Geoffrey G. O'Brien (May 10, 1969) is an American poet. Educated at Harvard University and the University of Iowa, O'Brien has taught at Brooklyn College, The University of Iowa Writers' Workshop and has been the Distinguished Poet in Residence at St. Mary's College of California and the Holloway Lecturer in the Practice of Poetry at the University of California, Berkeley, where he currently teaches. He also teaches in the Prison University Project at San Quentin.

On November 9, 2011, O'Brien suffered a rib injury in an altercation with police, while attending a peaceful protest.
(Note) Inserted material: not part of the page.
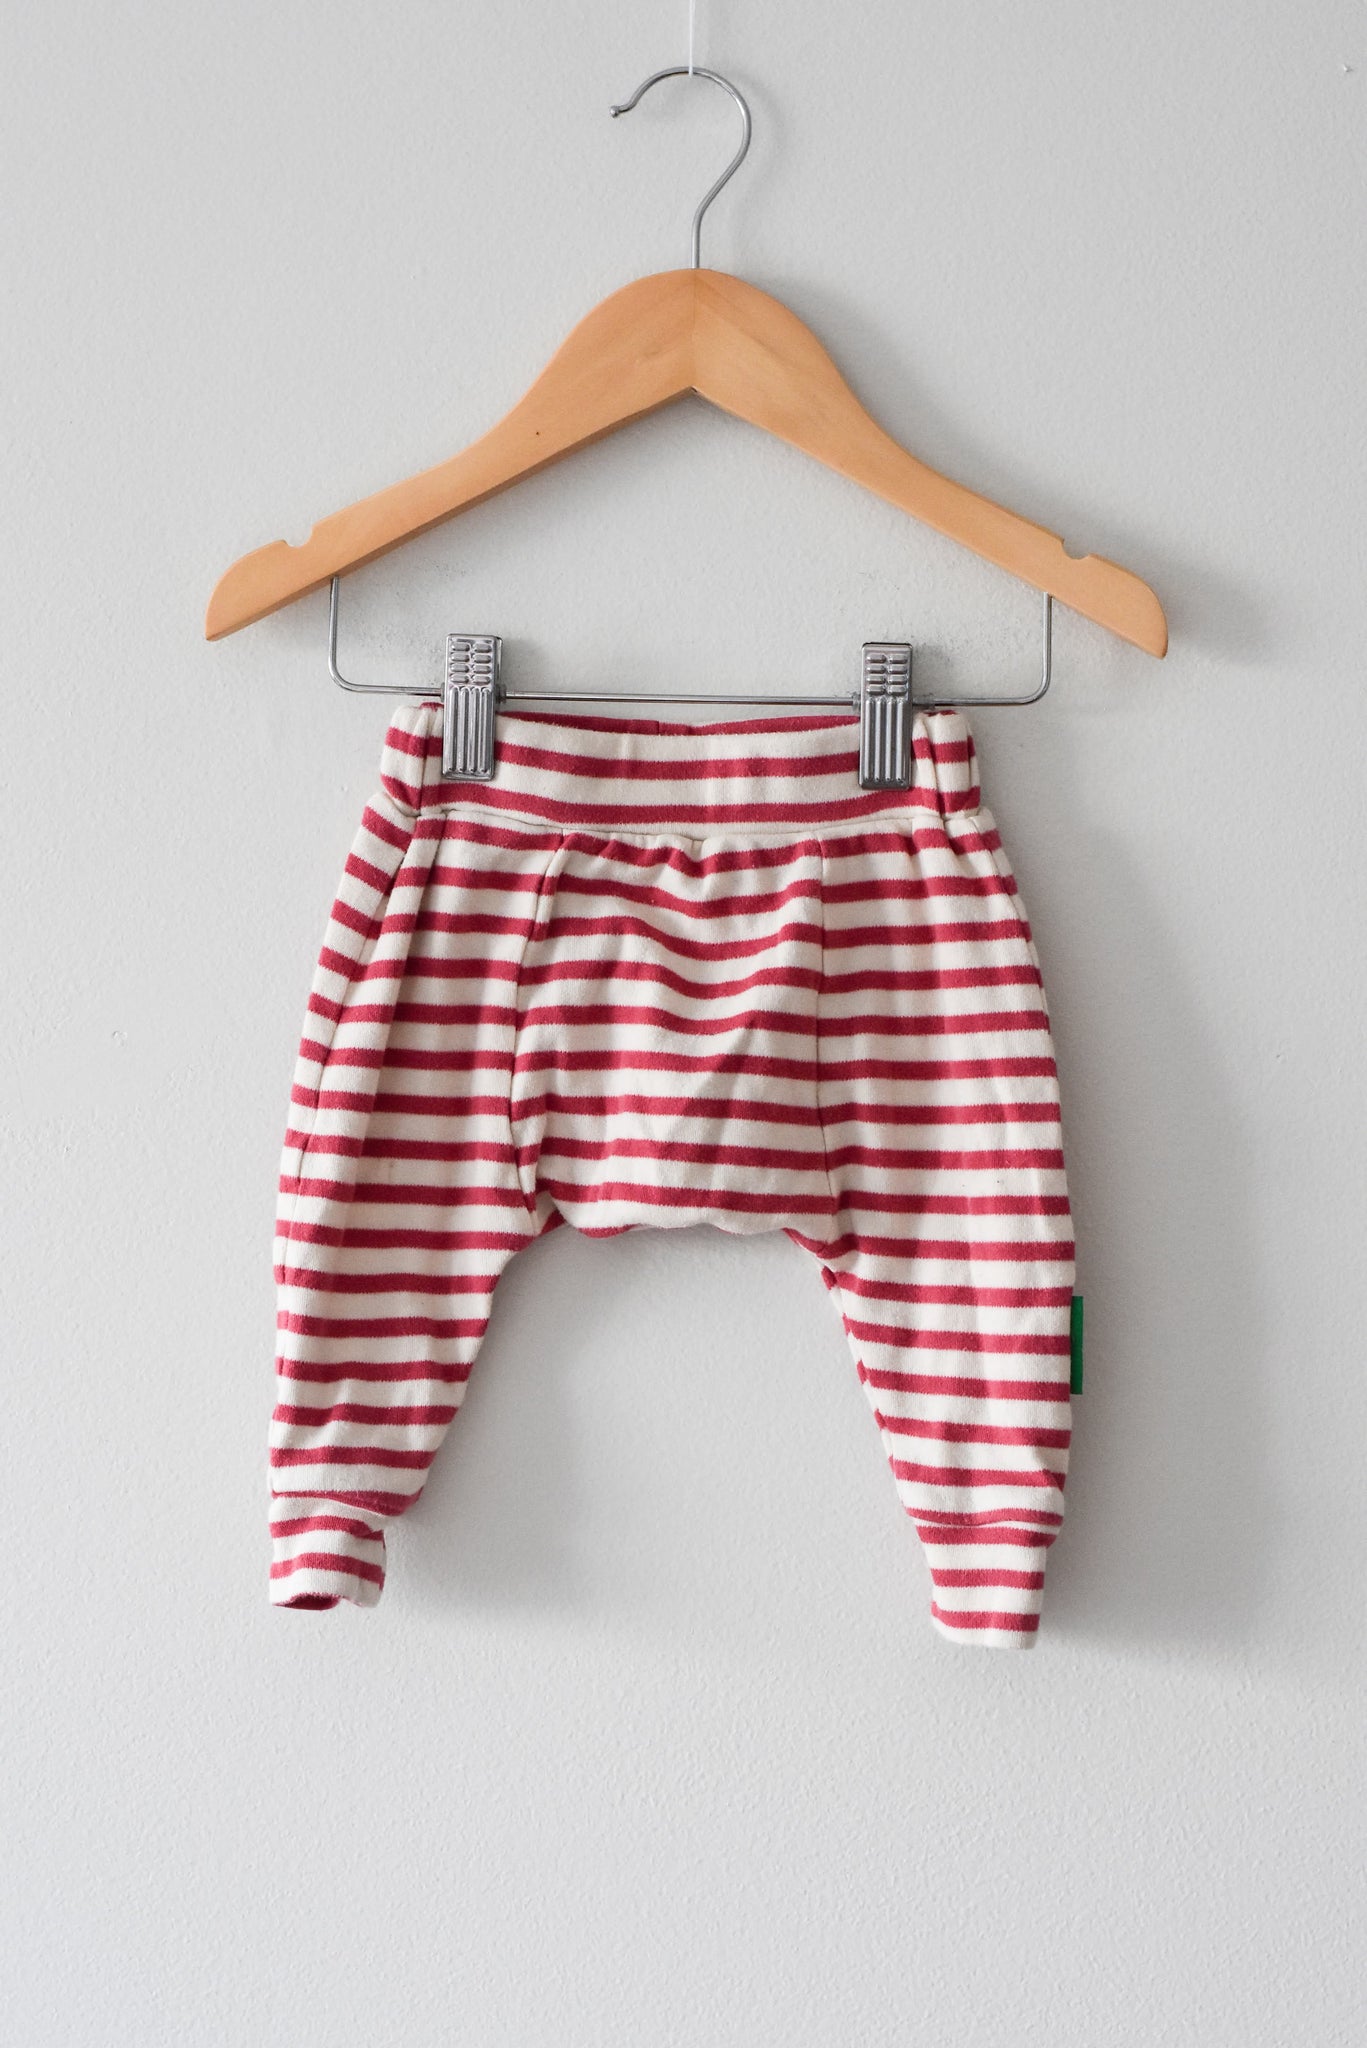 Baby Boy 6PC Clothes Lot Size 03 Months PantsBodysuitsShirts CBA42   eBay

O'Brien's poem "Fidelio" was published in the March 19th, 2018 issue of The New Yorker magazine.

Works online
 "from Metropole" The Offending Adam, Issue 22
 "Logic of Confession" at No: a journal of the arts.
 "Poem Beginning to End," Boston Review, September/October 2009
 "Mixed Mode," Poets.org

Criticism
 An essay on "Tradition and the Individual Talent" by T. S. Eliot.
 "Keeping Company," an essay which explores the work of poet Michael Palmer
 A Critical Response to John Ashbery's "Clepsydra"
 "The Left Margin" a talk on Whitman and Ashbery

Works
 Experience in Groups (Wave Books, 2018)
 People on Sunday (Wave Books, 2013)
 Three Poets: Ashbery, Donnelly, O'Brien (Minus A Press, 2013)
 Metropole (University of California Press, 2011)
 Green and Gray (University of California Press, 2007)
 The Guns and Flags Project (University of California Press, 2002)
 2A (Quemadura, 2006; collaboration with poet Jeff Clark) 
 Hesiod (The Song Cave (chapbook), 2010)
 Poem with No Good Lines (Hand Held Editions (chapbook), 2010)

Review
"O’Brien touches on the most pressing questions and dilemmas of being human in this time and place with welcome playfulness, for example, situating “tower” and “Guadalajara” as an off-rhyme, explicitly noting the juxtaposition within “the rhyme of laws and loss,” and doubling up negatives, as in “not here but not/ Not.” In so doing, O’Brien produces many bizarre and beautiful linguistic combinations that shed light on peculiarly American anxieties of the 21st century"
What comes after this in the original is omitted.